Top of TASK DATA

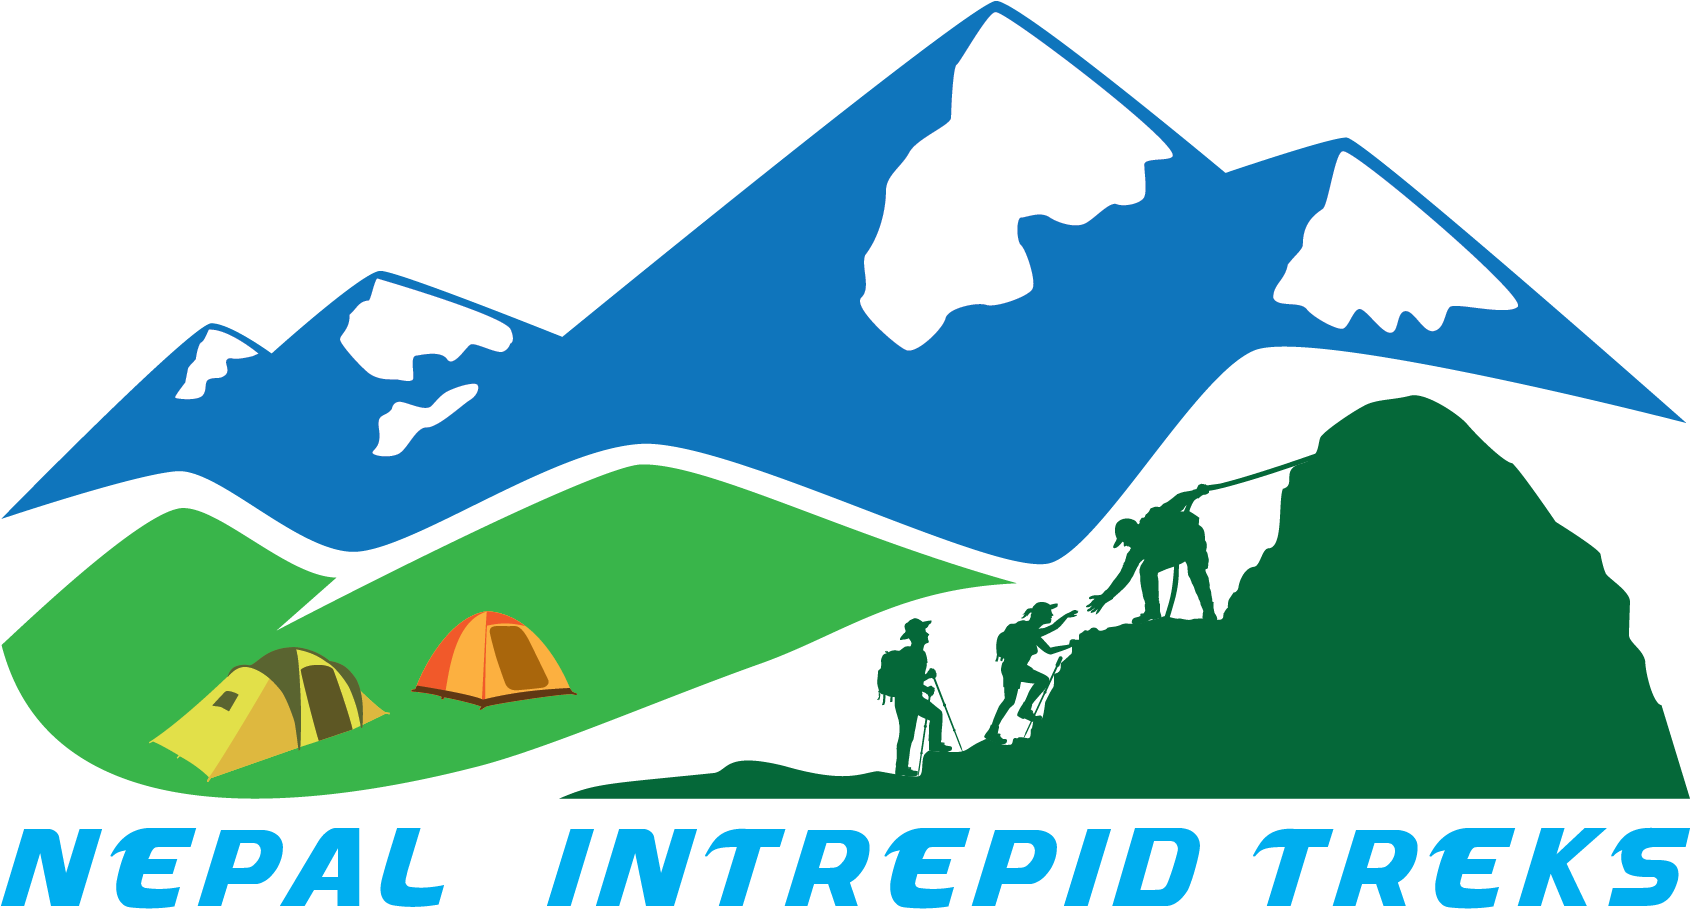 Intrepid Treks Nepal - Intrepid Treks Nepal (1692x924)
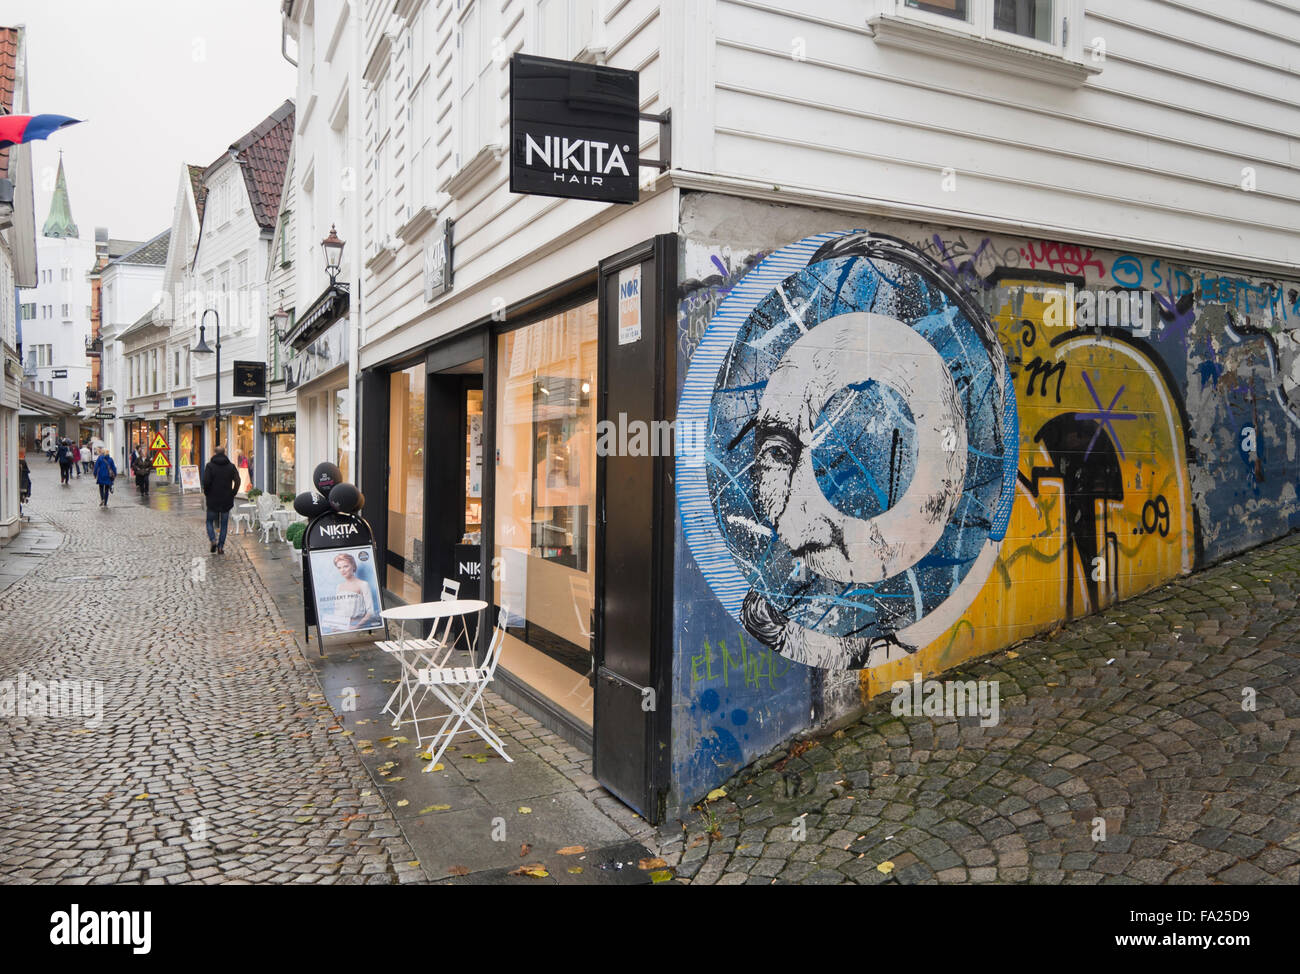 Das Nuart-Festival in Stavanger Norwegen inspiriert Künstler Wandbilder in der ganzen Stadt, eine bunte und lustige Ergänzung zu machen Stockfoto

Bottom of TASK DATA
Top of TASK DATA

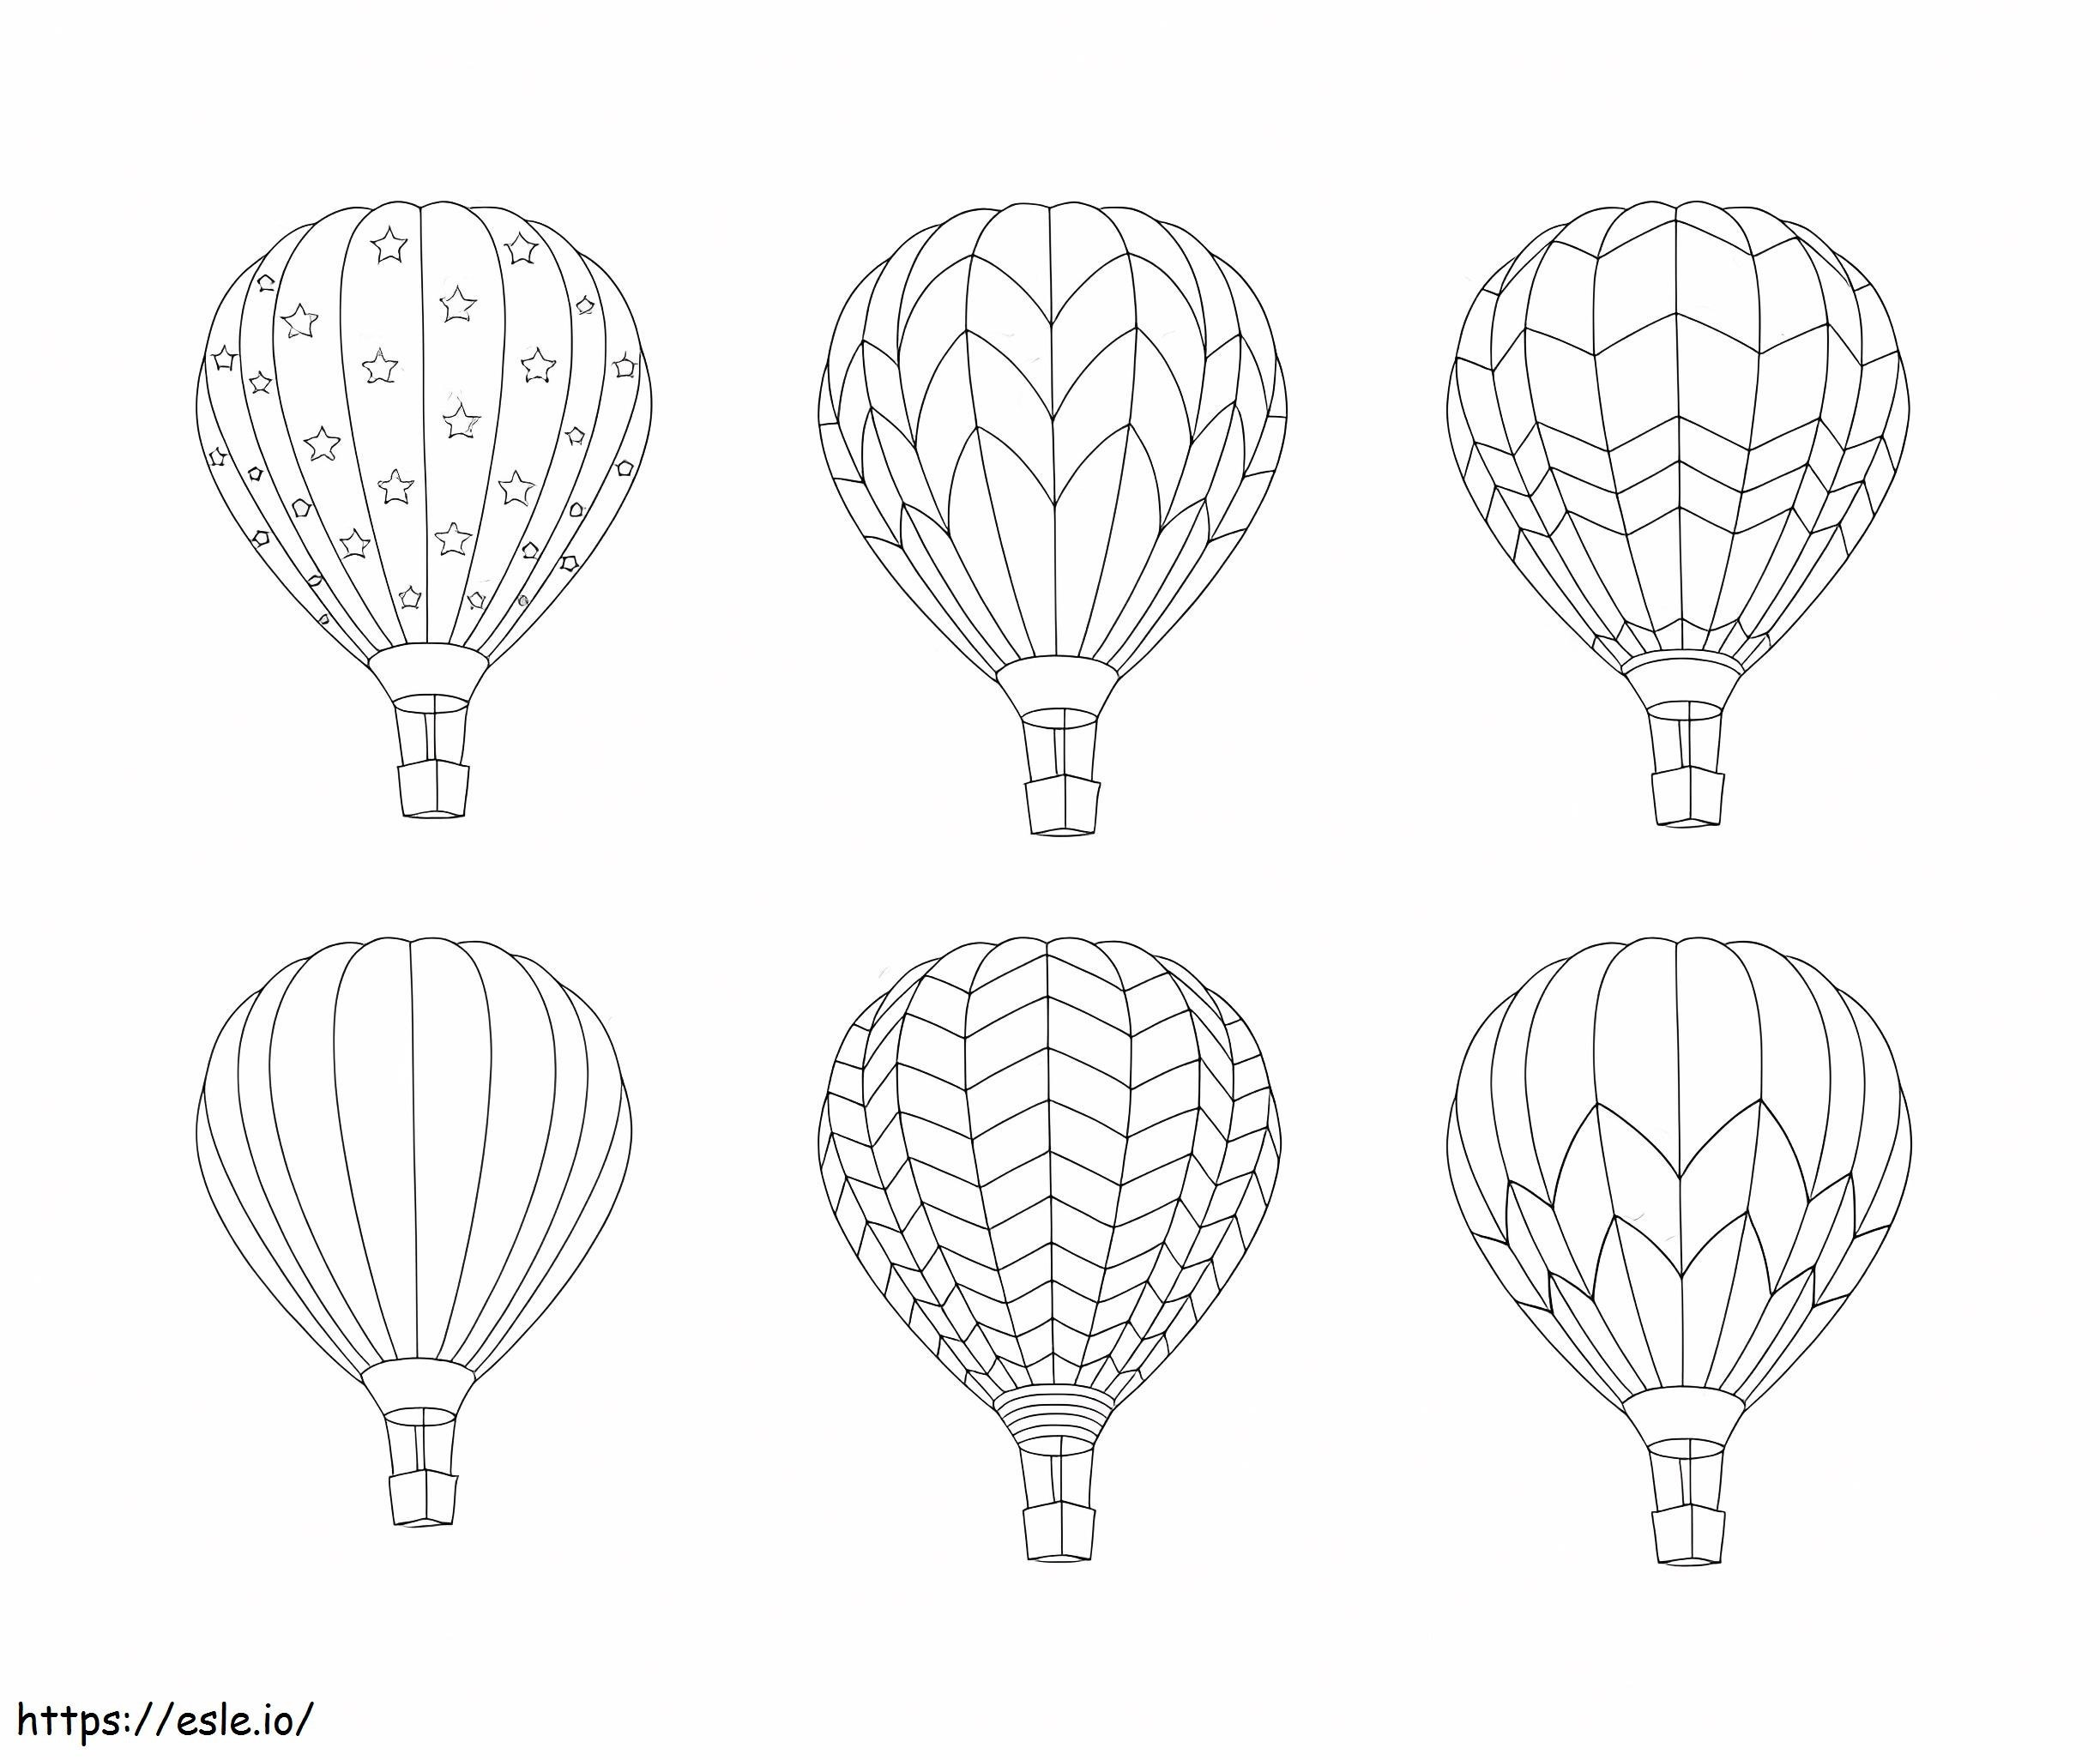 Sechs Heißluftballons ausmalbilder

Bottom of TASK DATA

**TASK ITEM**
Using the listing above, repeat word for word each line from the one with "Intrepid Treks Nepal - Intrepid" down to the one with "Das Nuart-Festival in", both included. Omit all pictures.

**SOLUTION TO THE PROBLEM**
 Intrepid Treks Nepal - Intrepid Treks Nepal (1692x924)
 Das Nuart-Festival in Stavanger Norwegen inspiriert Künstler Wandbilder in der ganzen Stadt, eine bunte und lustige Ergänzung zu machen Stockfoto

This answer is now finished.